Skill ride

Pharoahe Monch’s timely return
By MATTHEW GASTEIER  |  July 17, 2007

VIDEO: Pharoahe Monch, "Guns Draw"

All it took was a Godzilla sample and a simple, forceful “Simon says get the fuck up” for hyper-technical New York MC Pharoahe Monch to leave his mark on hip-hop history with “Simon Says (Get the Fuck Up)” eight years ago. But almost as quickly as he arrived, Monch was swept away in the wake of label politics and copyright law. That Godzilla sample, initially uncleared, has kept his solo debut, Internal Affairs (Priority), out of print to this day. Yet Monch, who finally released his long-awaited, much-delayed second album, Desire (Universal), on June 26, doesn’t seem the least bit concerned with trying to recapture that fleeting moment in the spotlight. And that’s a very good thing.

The 13 songs on Desire are packed with the kind of personality and bravery that are too often lacking in commercial hip-hop climate. It’s shocking to hear an album like this in 2007. Monch, who joins the Wu-Tang Clan, Cypress Hill, Talib Kweli, and others on the “Rock the Bells” tour that lands at the Tweeter Center next Thursday, deploys cleverly twisted wordplay and skillful manipulations of rhythm that seem almost anachronistic and outdated. It’s like watching a blacksmith hammer away, or playing an original Nintendo. But Desire is the Super Mario 3 of classically trained MCing: “I’m the poetical pastor/Slave to a label but I own my masters,” he rhymes in “Desire.” “Still get it poppin’ without artists and repertoire/’Cause Monch is the monarch only minus the A&R.” Elsewhere, he plays with the names of phone companies (“Cingular, not plural”) and other artists (“pop shit, make you feel the Clipse like Pharrell”) and manages to make rapping from the perspective of a bullet fresh on “Gun Draws.” It’s hard to figure how an MC this skilled could be out of the game for so long.

Of course, the beats throughout Desire belie just how out of step Monch is with the times. Drenched with horns and gospel-tinged choruses, the arrangements suggest that he’s been in a cave for the better part of a decade. “Free” has bouncing guitars that flirt with rap rock years behind schedule; the abstract paranoia of “What It Is” comes across as dense next to the spare, spooky nature of so much contemporary hip-hop. The second half of the album is shameless neo-soul, good, but still a bit like OutKast releasing Aquemini right now. The only cut that’s truly fresh comes from up-and-coming Detroit producer Black Milk, whose “Let’s Go” tosses wobbly guitars and splashing cymbals all over fading tape decks. Next-level production might catapult these lyrics right into the realm of an instant classic. Still, it’s refreshing to hear an album without brittle Neptunes ripoffs, shamelessly commercial Storch keyboards, or Asian strings from some unknown Timbaland follower.

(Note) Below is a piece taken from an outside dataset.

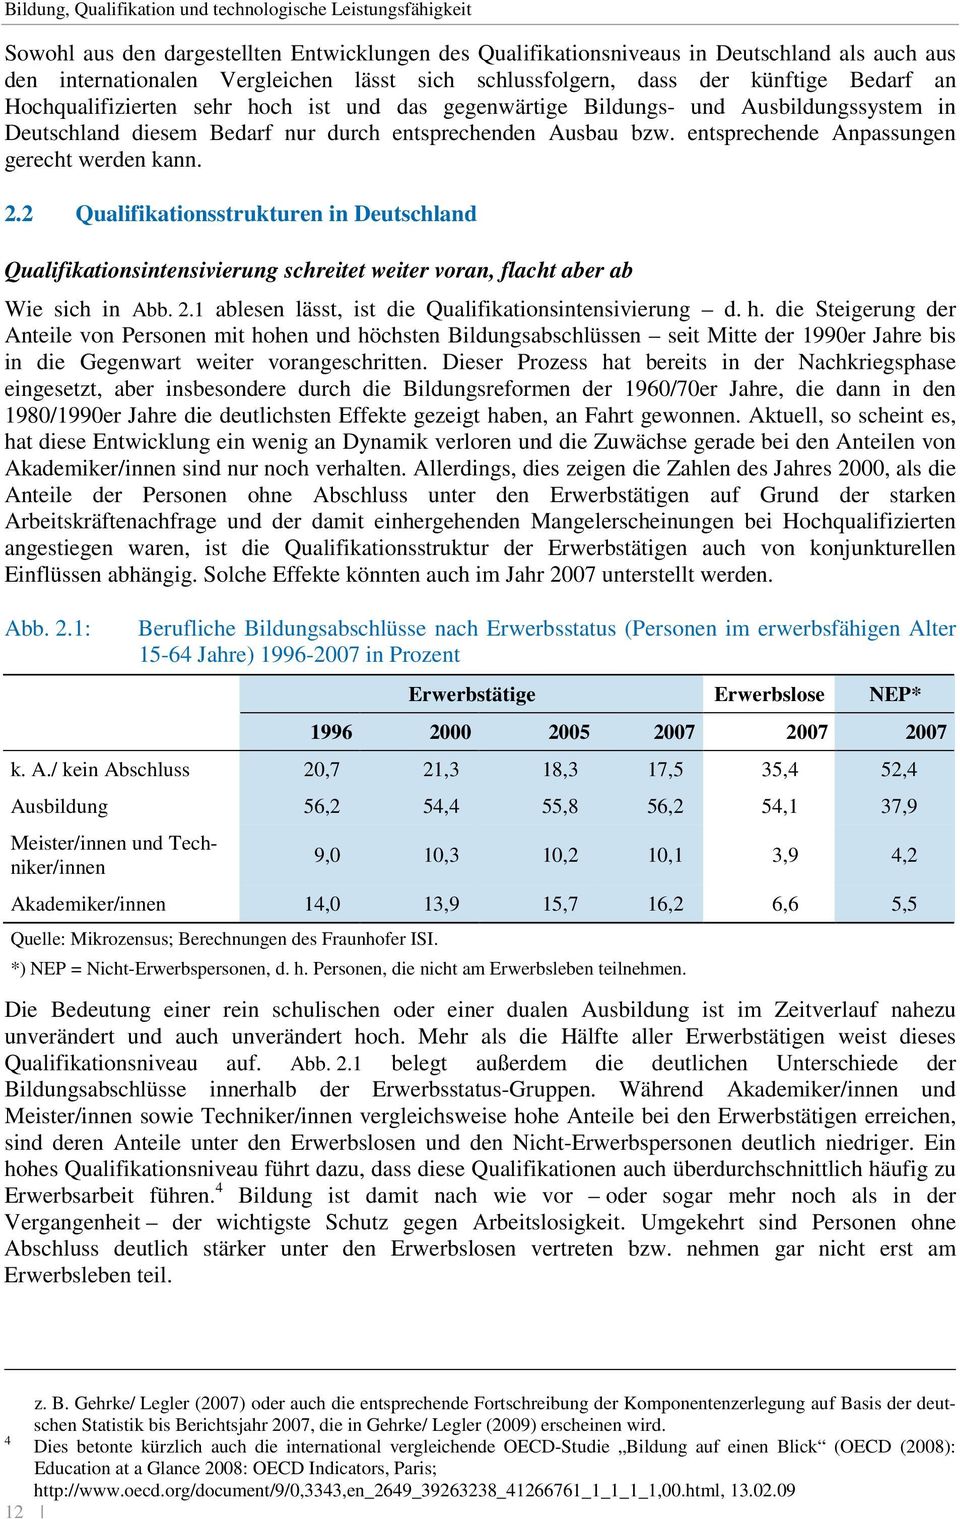 entsprechende Anpassungen gerecht werden kann. 2.2 Qualifikationsstrukturen in Deutschland Qualifikationsintensivierung schreitet weiter voran, flacht aber ab Wie sich in Abb. 2.1 ablesen lässt, ist die Qualifikationsintensivierung d.

So, as much as Desire sounds as if it should have come out in 2001, there’s a lot to like here. In hip-hop, different is good. In fact, retro tracks like the celebratory “Push” and the recklessly funky “Body Baby” make a solid case for different as great. Rigid ideas of what constitutes “real” have painted mainstream hip-hop into a corner. Monch has returned just in time to remind everyone that there’s something timeless in skillful lyricism and soulful beats. Like Little Brother’s 2006 disc The Minstrel Show (Atlantic) , Desire has the potential to wake up the sleeping hordes who rose in praise of Black Star, early Roots, and Dead Prez. It may not be what hip-hop wants right now, but it’s what hip-hop needs.